* **Task to complete**
The pictures stay out; all of the data is to be printed exactly.

[[ Recorded data, beginning ]]

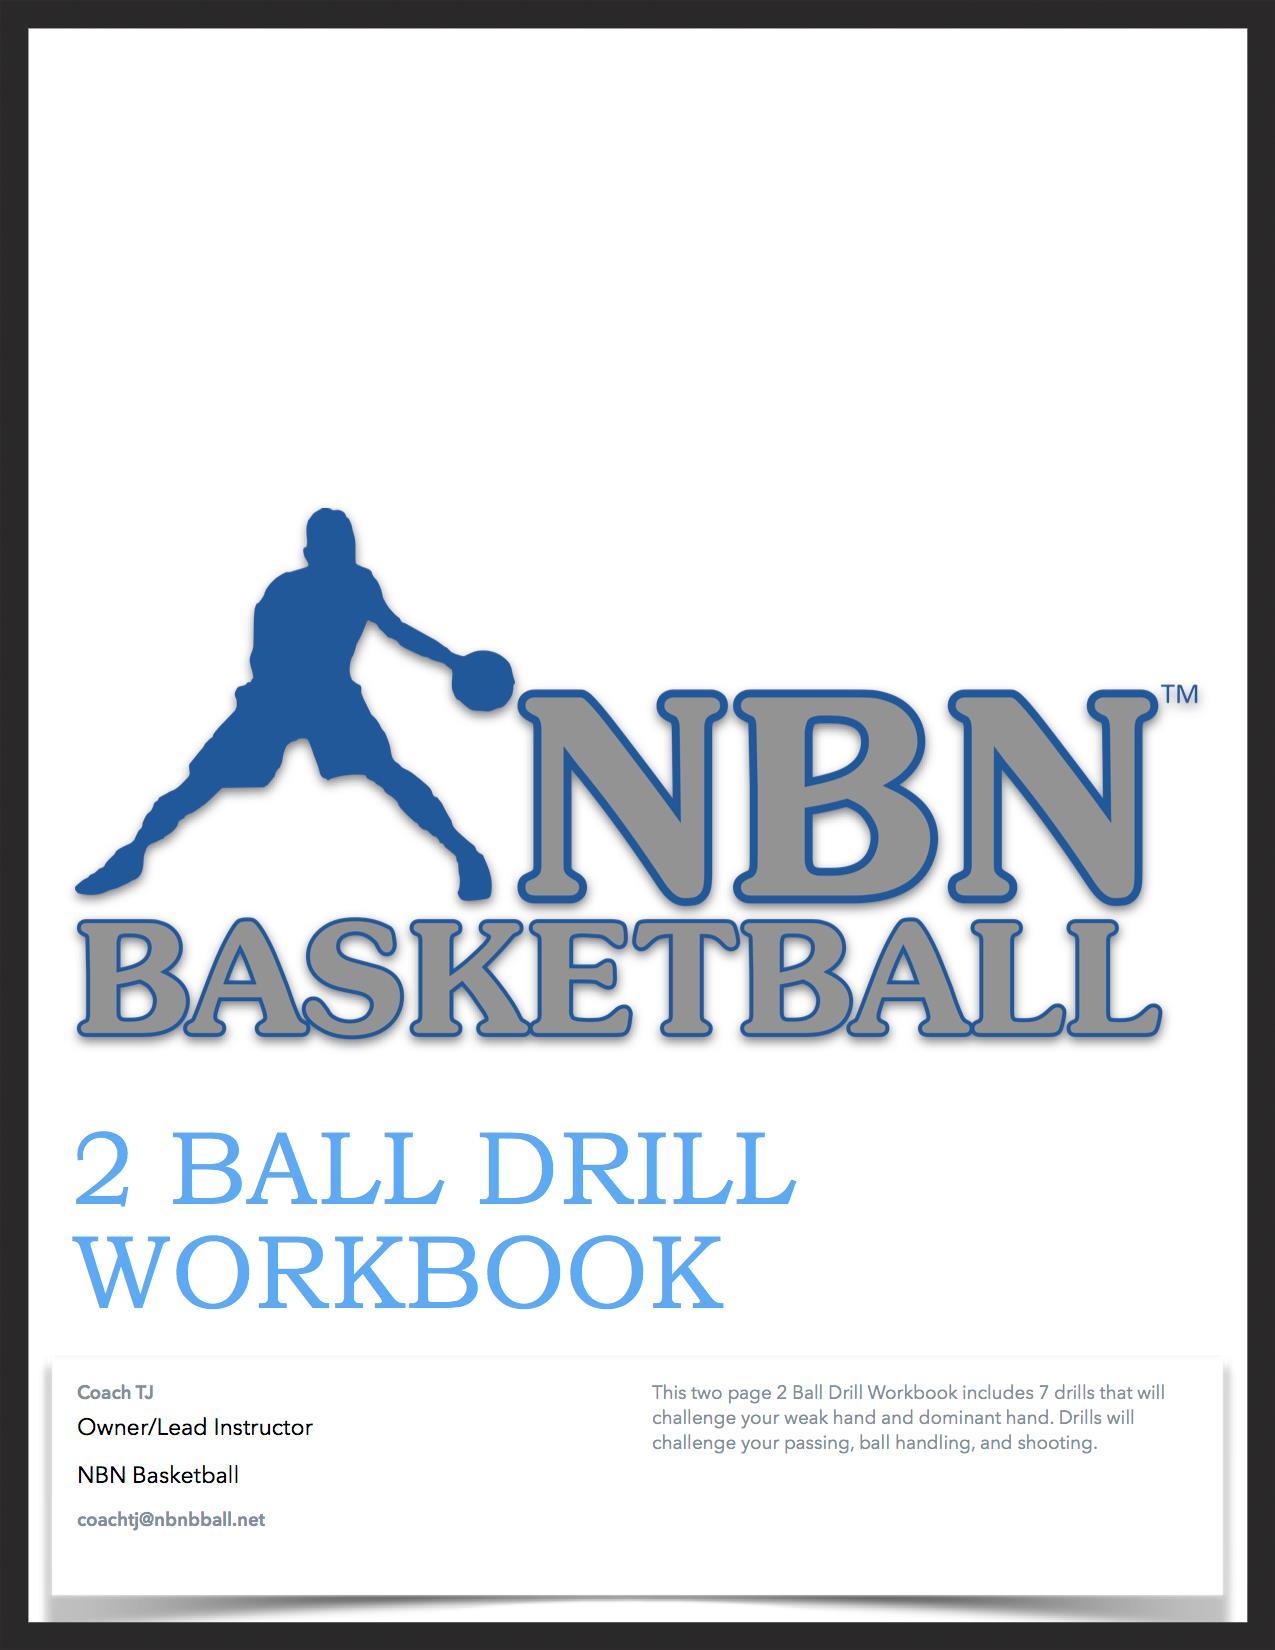 2 Ball Drill Workbook Cover.jpg
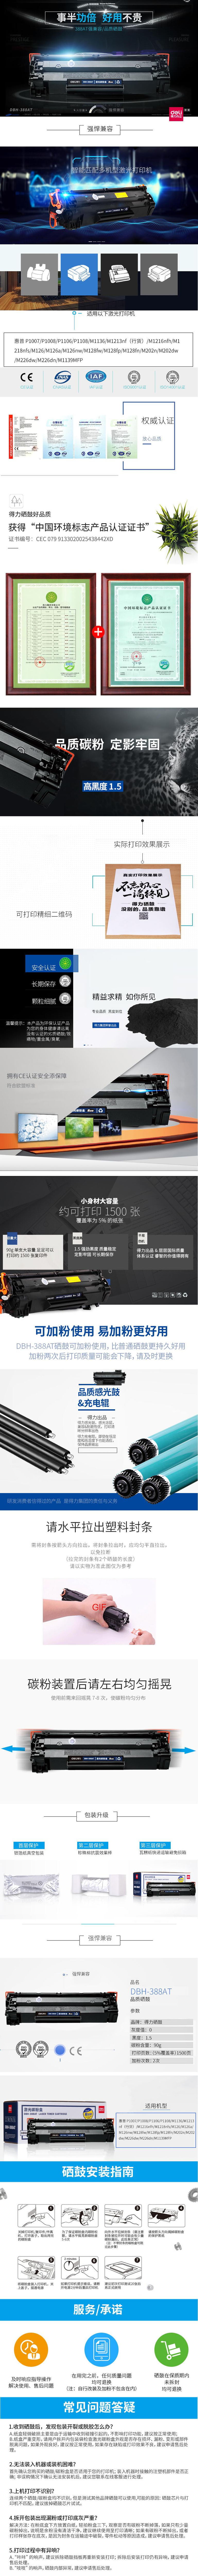 VWIN真人DBH-388AT激光碳粉盒(黑色)
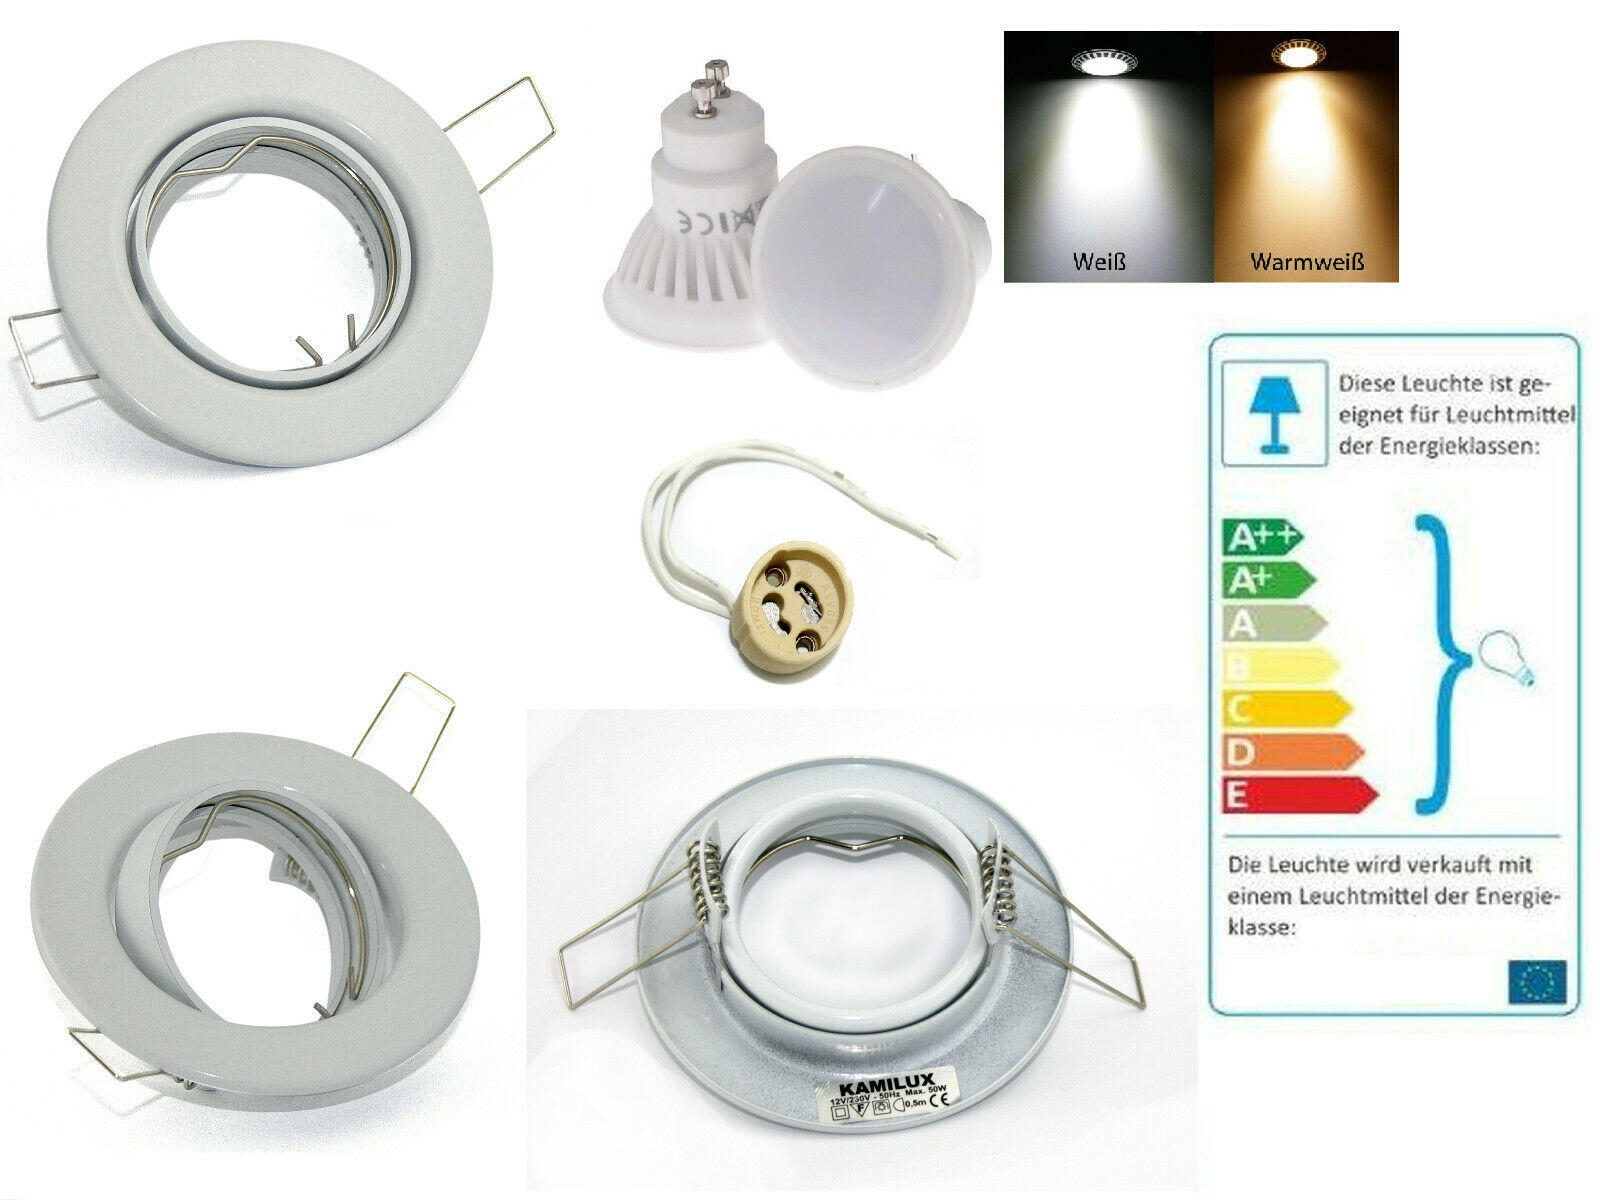 9 Watt LED Einbaustrahler Lia   720 Lumen   230Volt   Farbe Weiss
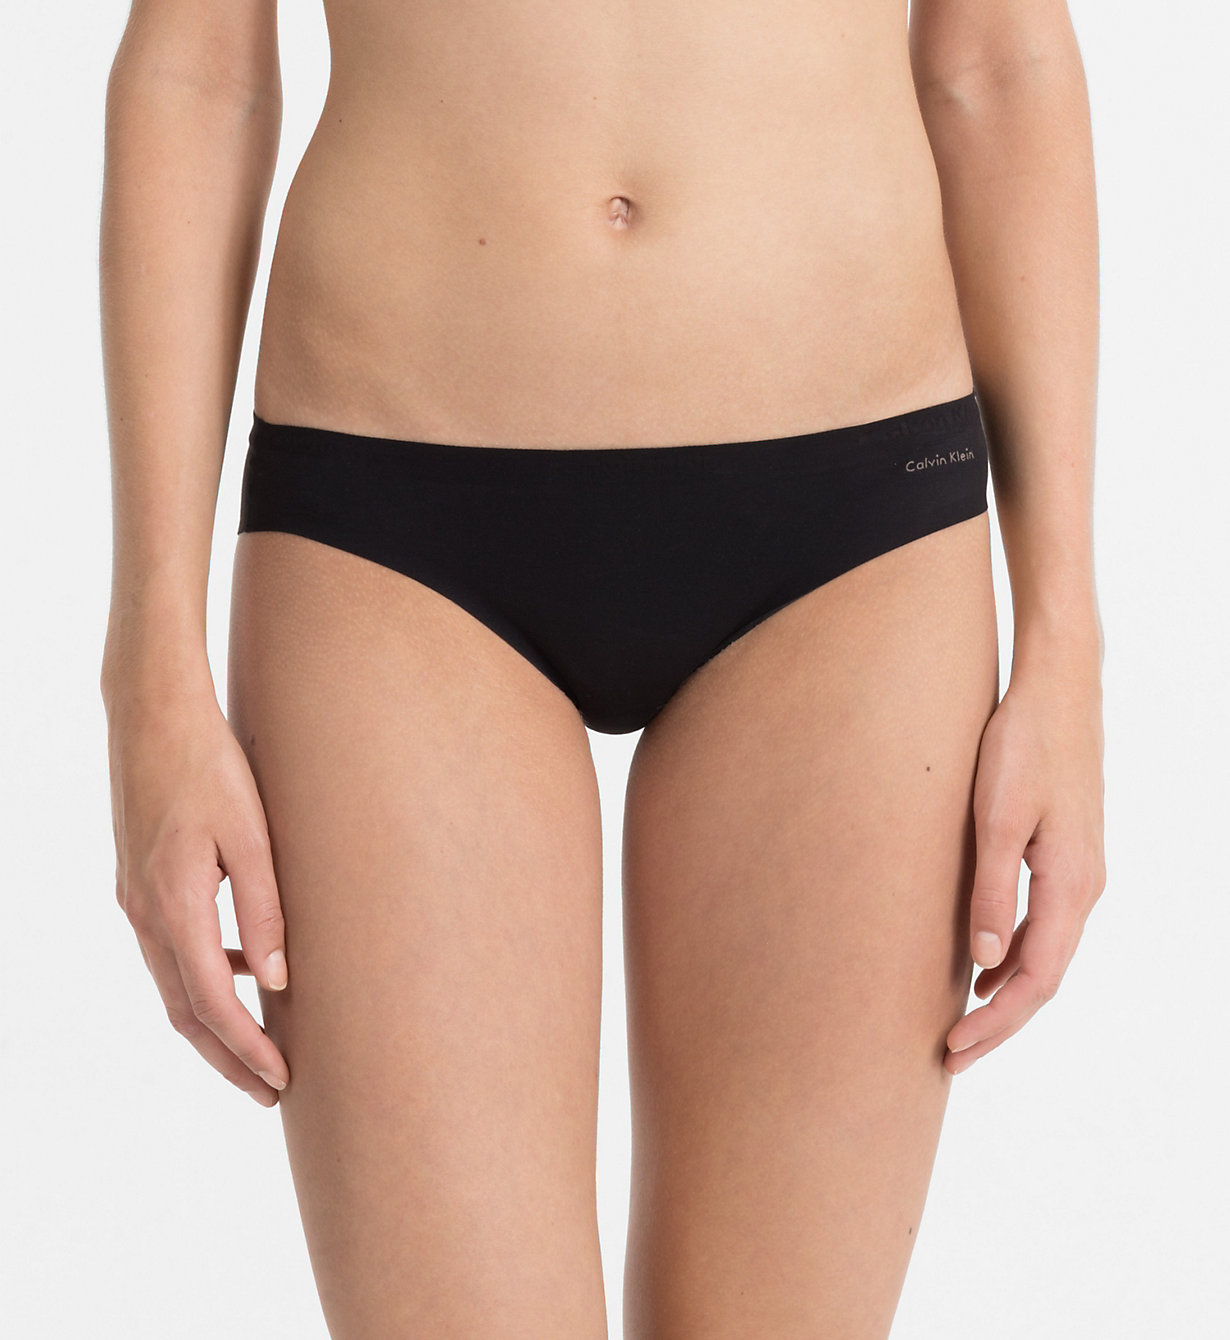 Kalhotky F3843E černá - Calvin Klein Barva: černá, Velikost: M

[[ Recorded data, end ]]

* **Answer for this exercise**
 2 Ball Drill Workbook Cover.jpg
 VWIN真人DBH-388AT激光碳粉盒(黑色)
 9 Watt LED Einbaustrahler Lia   720 Lumen   230Volt   Farbe Weiss
 Kalhotky F3843E černá - Calvin Klein Barva: černá, Velikost: M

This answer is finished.